Estimates of seismic Newtonian noise at low frequencies were presented with focus on atom-interferometric GW detectors in [166]. The interesting aspect here is that atom interferometers in general have a more complicated response to gravity perturbations. A list of gravity couplings for atom interferometers can be found in [61]. So while atom-interferometric GW detectors would also be sensitive to gravity strain only, the response function may be more complicated compared to laser interferometers depending on the detector design.

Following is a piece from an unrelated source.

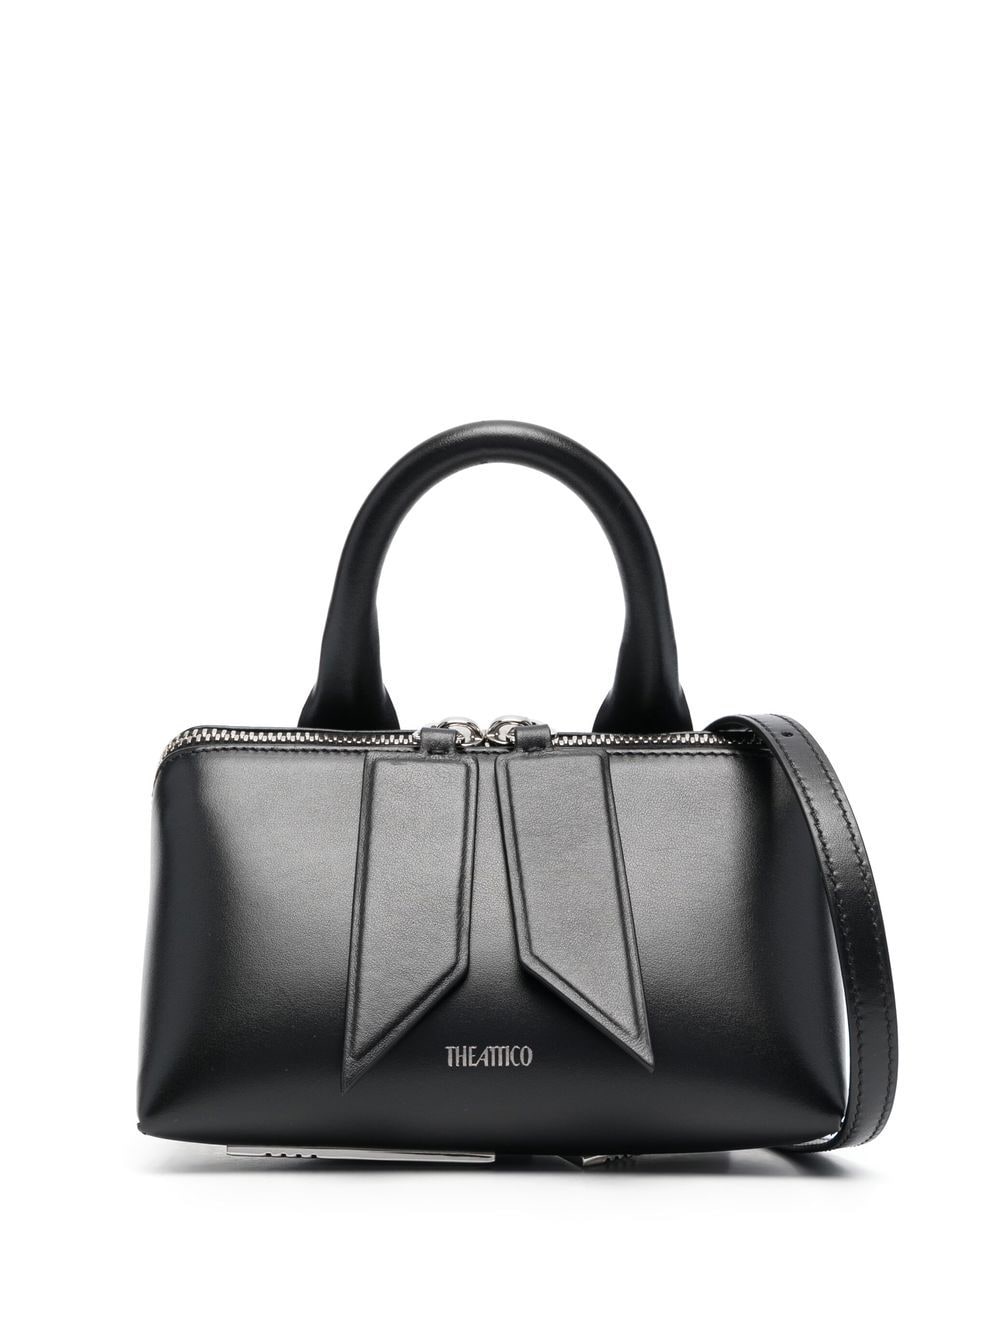 Attico Friday Handbag In Black  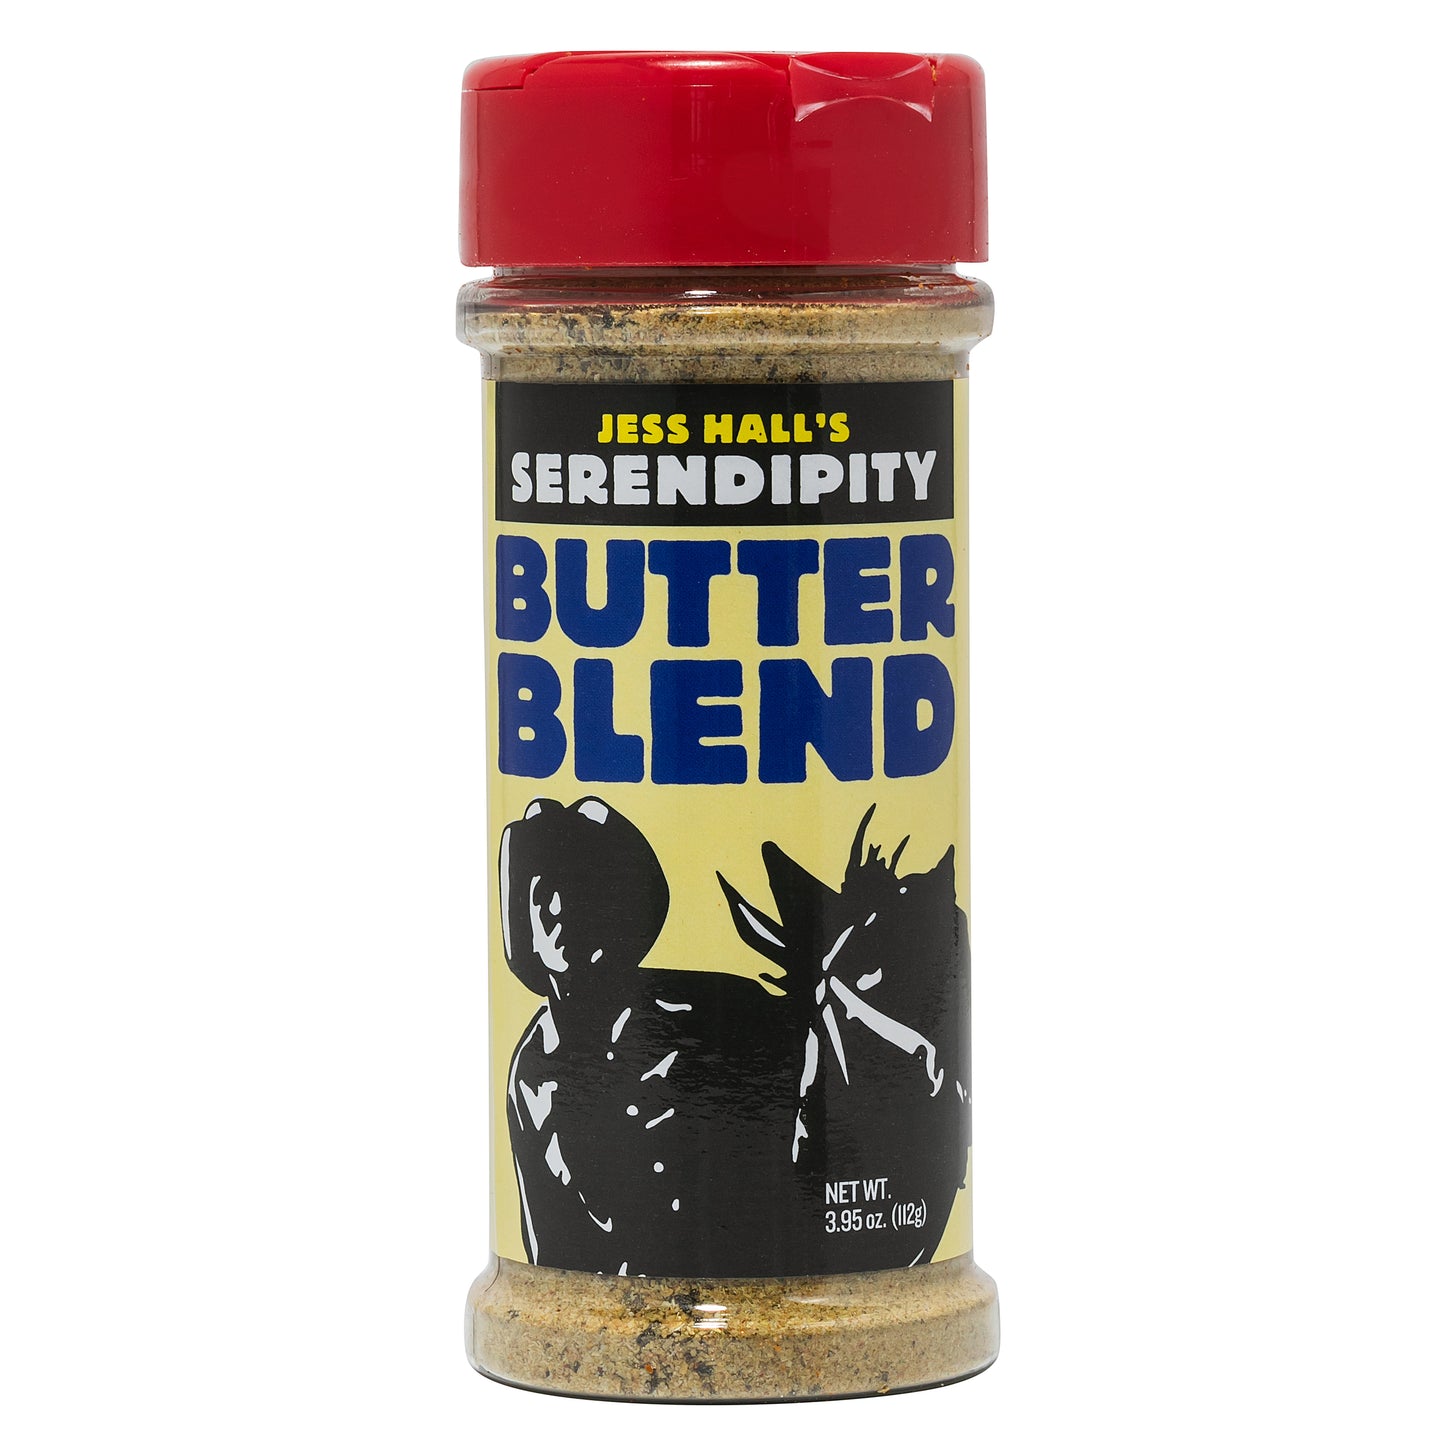 Jess Hall's Serendipity Butter Blend 3.95 Oz

### 3.7 Summary and open problems

In this section on Newtonian noise from ambient seismic fields, we reviewed basic analytical equations to calculate density perturbations in materials due to vibrations, to calculate the associated gravity perturbations, and to estimate Newtonian noise based on observations of the seismic field. Equations were given for gravity perturbations of seismic body waves in infinite and half spaces, and for Rayleigh waves propagating on a free surface. Newtonian noise above a half space can be fully characterized by surface displacement, even for body waves. It was found that analytical expressions for gravity perturbations from body and Rayleigh waves have the same form, just the numerical, material dependent conversion factor between seismic and gravity amplitudes has different values also depending on the propagation direction of a body wave with respect to the surface normal. In practice, this means that prior information such as seismic speeds of body waves is required to calculate gravity perturbations based on surface data alone. Another important difference between body and Rayleigh gravity perturbations is that the conversion factor has a material and propagation-direction dependent complex phase in the body-wave case. This has consequences on the design of a seismic surface array that one would use to coherently cancel the gravity perturbations, which will be discussed further in Section 7.

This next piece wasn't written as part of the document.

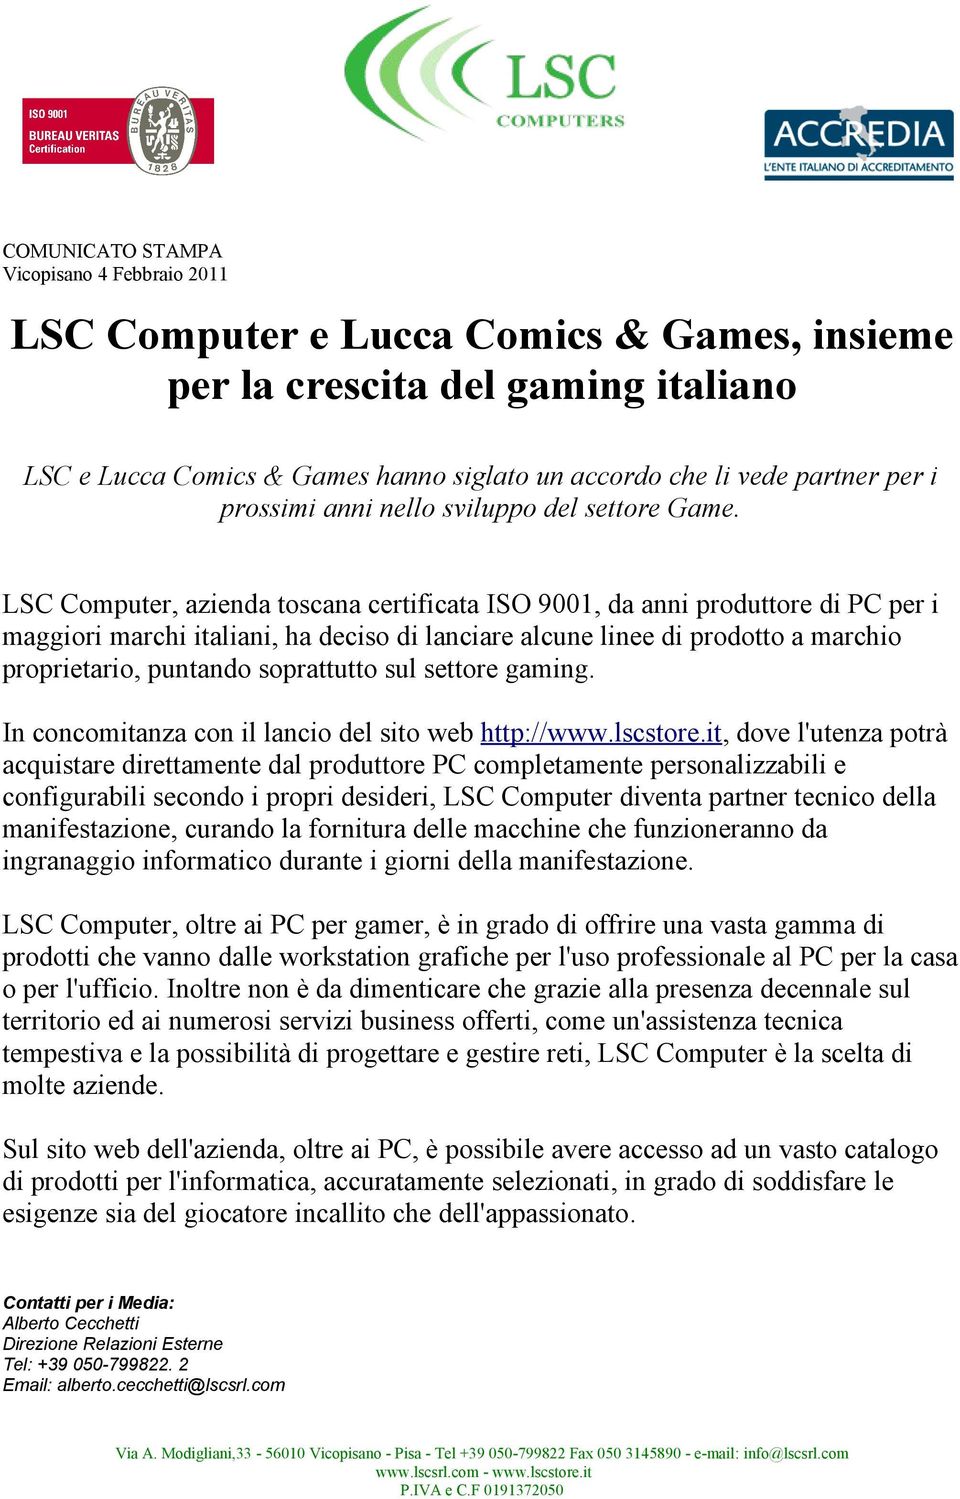 LSC Computer, azienda toscana certificata ISO 9001, da anni produttore di PC per i maggiori marchi italiani, ha deciso di lanciare alcune linee di prodotto a marchio proprietario, puntando

Scattering of body waves from spherical cavities was calculated concluding that gravity perturbations on a test mass inside a cavity are insignificantly affected by seismic scattering from the cavity. Here, “insignificantly” is meant with respect to Newtonian-noise estimates. In coherent noise cancellation schemes, scattering could be significant if the subtraction goals are sufficiently high. An open problem is to understand the impact of seismic scattering on gravity perturbations in heterogeneous materials where scattering sources are continuously distributed. This problem was studied with respect to its influence on the seismic field [129, 116], but the effect on gravity perturbations has not been investigated yet.

We also showed that the calculation of simple Newtonian-noise estimates can be based on seismic spectra alone, provided that one has confidence in prior information (e.g., that Rayleigh waves dominate seismic noise). In general, seismic arrays help to increase confidence in Newtonian-noise estimates. It was shown that either simple anisotropy measurements or measurements of 2D wavenumber spectra can be used to improve Newtonian-noise estimates. In this section, we did not discuss in detail the problem of estimating wavenumber spectra. Simply carrying out the Fourier transform in Eq. (103) is prone to aliasing. A review on this problem is given in [112]. Estimation of wavenumber spectra has also become an active field of research in GW groups, using data from the LIGO Hanford array deployed between April 2012 and February 2013, and the surface and underground arrays at the Sanford Underground Research Facility, which are currently being deployed with data to be expected in 2015. The problem of Newtonian-noise estimation using seismic arrays needs to be separated though from the problem of Newtonian-noise cancellation. The latter is based on Wiener filtering. From an information theory perspective, the Wiener filtering process is easier to understand than the noise estimation since Wiener filters are known to extract information from reference channels in an optimal way for the purpose of noise cancellation (under certain assumptions). There is no easy way to define a cost function for spectral estimation, which makes the optimal estimation of wavenumber spectra rather a philosophical problem than a mathematical or physical one. The optimal choice of analysis methods depends on which features of the seismic field are meant to be represented most accurately in a wavenumber spectrum. For example, some methods are based on the assumption that all measurement noise is stationary and effectively interpreted as isotropic seismic background. This does not have to be the case if the seismic field itself acts as a noise background for measurements of dominant features of the field. Nonetheless, designs of seismic arrays used for noise cancellation need to be based on information about wavenumber spectra. Initially, array data are certainly the only reliable sources of information, but also with Newtonian-noise observations, optimization of noise-mitigation schemes will be strongly guided by our understanding of the seismic field.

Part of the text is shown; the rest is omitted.